Bioclimatic parameters:

From the high-resolution monthly temperature and precipitation values, we calculated a set of derived parameters broadly used in ecological applications. These bioclimatic variables are derived from the monthly mean temperature (or minimum and maximum temperature, depending on their availability) and precipitation values. They are specifically developed for species distribution modelling and related ecological applications .  The procedure for generating bioclimatic variables followed WorldClim and used the ‘biovars’ function of the R package dismo. Output bioclimate layers were saved as individual GeoTiffs (*tif) and projected in the WGS 1984 projection.

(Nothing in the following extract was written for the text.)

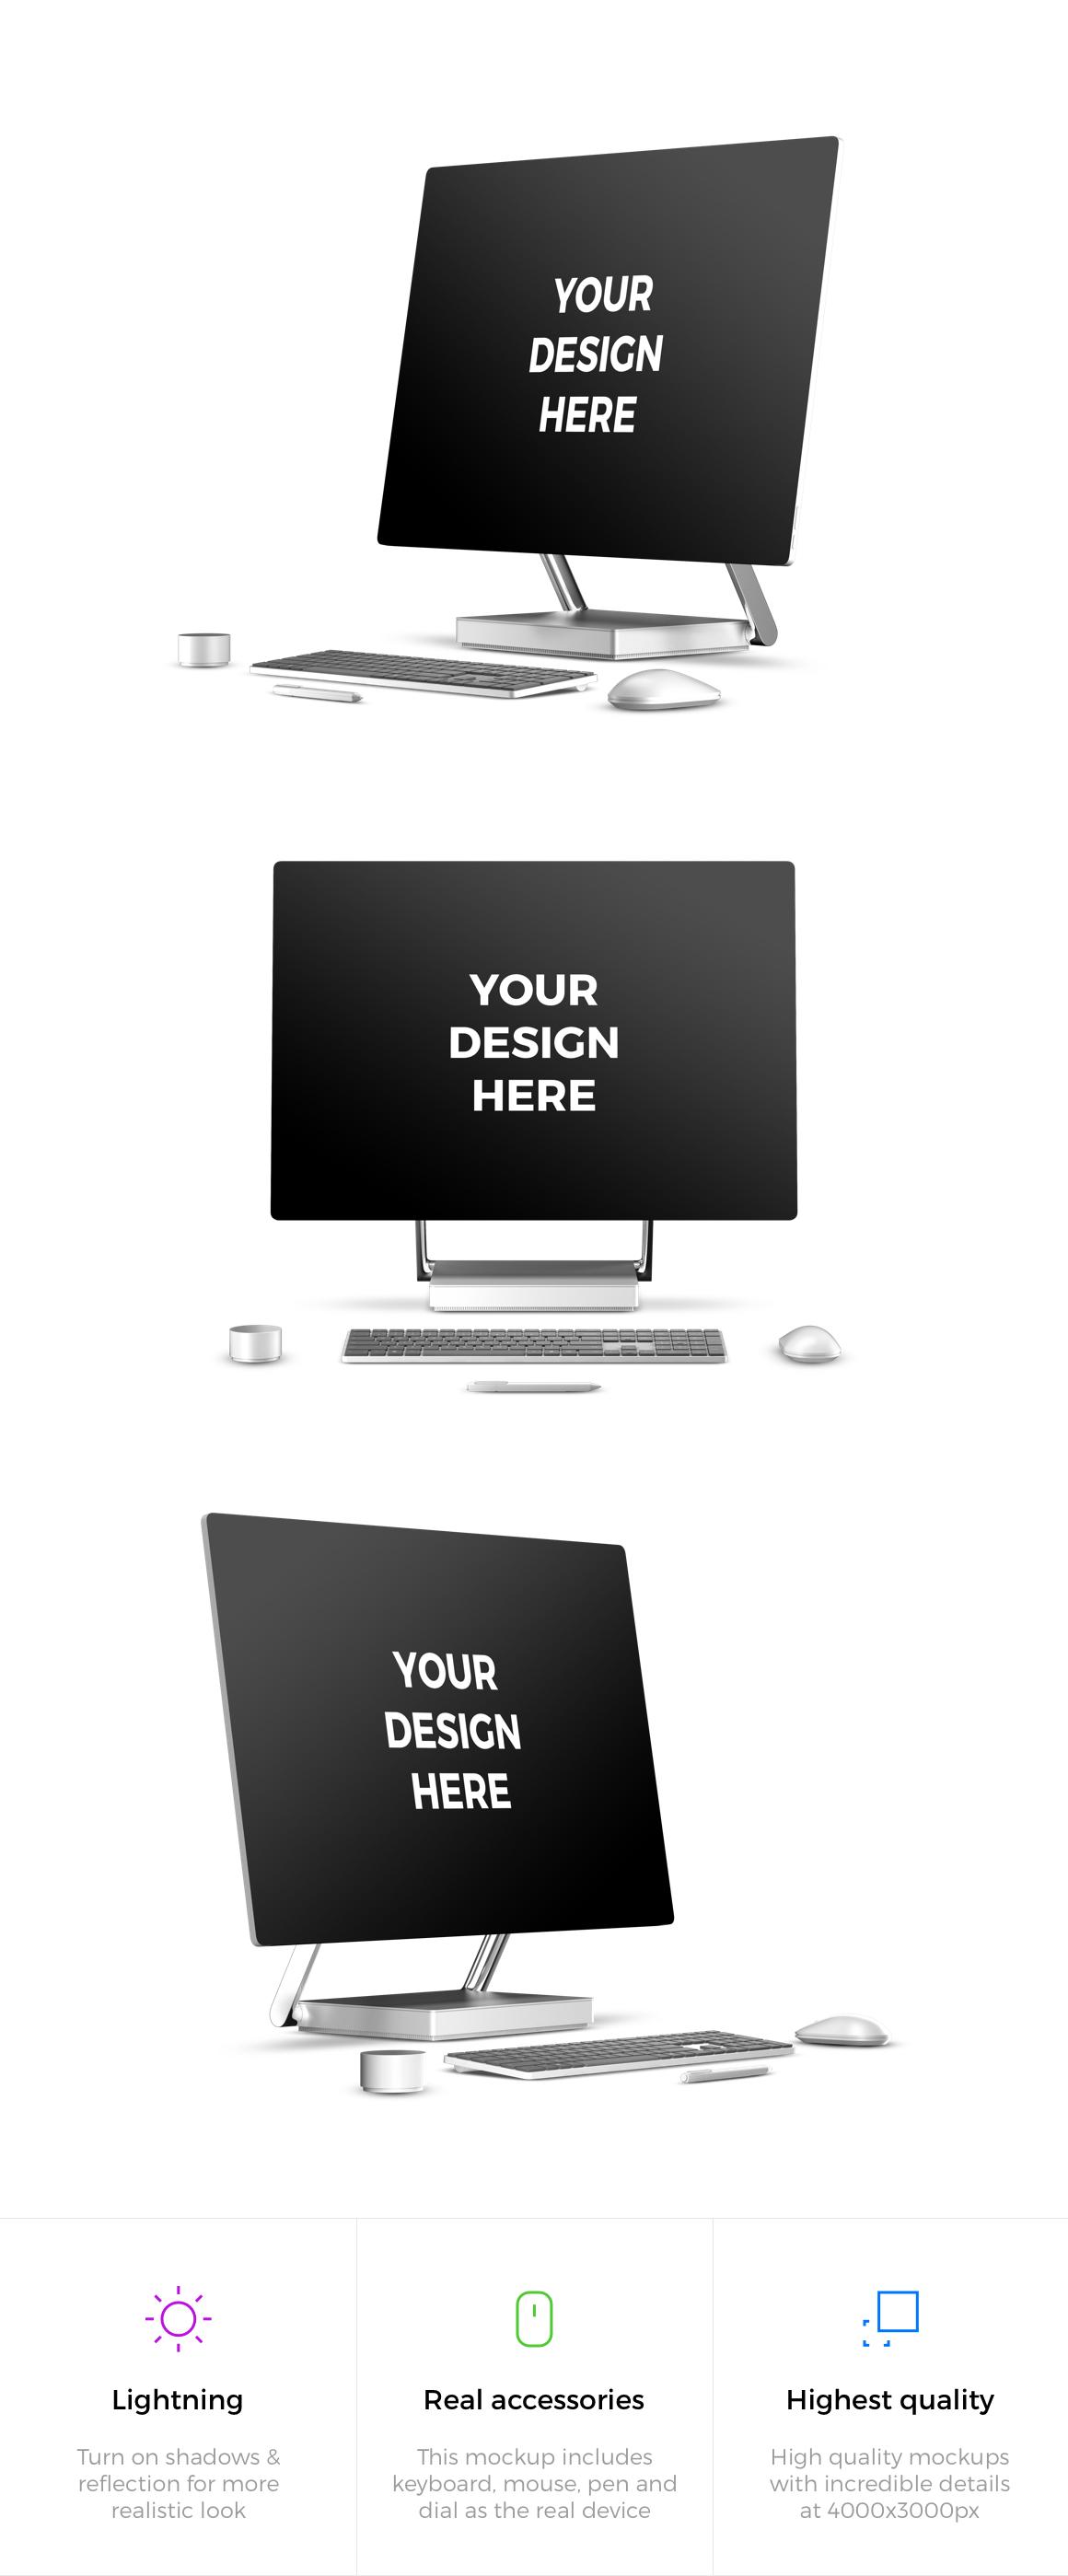 3x Microsoft Surface Studio Mockups example image 2

Bio_1=Annual Mean Temperature [°C*10]
Bio_2=Mean Diurnal Range [°C]
Bio_3=Isothermality [Bio_2/Bio_7]
Bio_4=Temperature Seasonality [standard deviation*100]
Bio_5=Max Temperature of Warmest Month [°C*10]
Bio_6=Min Temperature of Coldest Month [°C*10]
Bio_7=Temperature Annual Range [°C*10]
Bio_8=Mean Temperature of Wettest Quarter [°C*10]
Bio_9=Mean Temperature of Driest Quarter [°C*10]
Bio_10=Mean Temperature of Warmest Quarter [°C*10]
Bio_11=Mean Temperature of Coldest Quarter [°C*10]
Bio_12=Annual Precipitation [mm/year]
Bio_13=Precipitation of Wettest Month [mm/month]
Bio_14=Precipitation of Driest Month [mm/month]
Bio_15=Precipitation Seasonality [coefficient of variation]
Bio_16=Precipitation of Wettest Quarter [mm/quarter]
Bio_17=Precipitation of Driest Quarter [mm/quarter]
Bio_18=Precipitation of Warmest Quarter [mm/quarter]
Bio_19=Precipitation of Coldest Quarter [mm/quarter]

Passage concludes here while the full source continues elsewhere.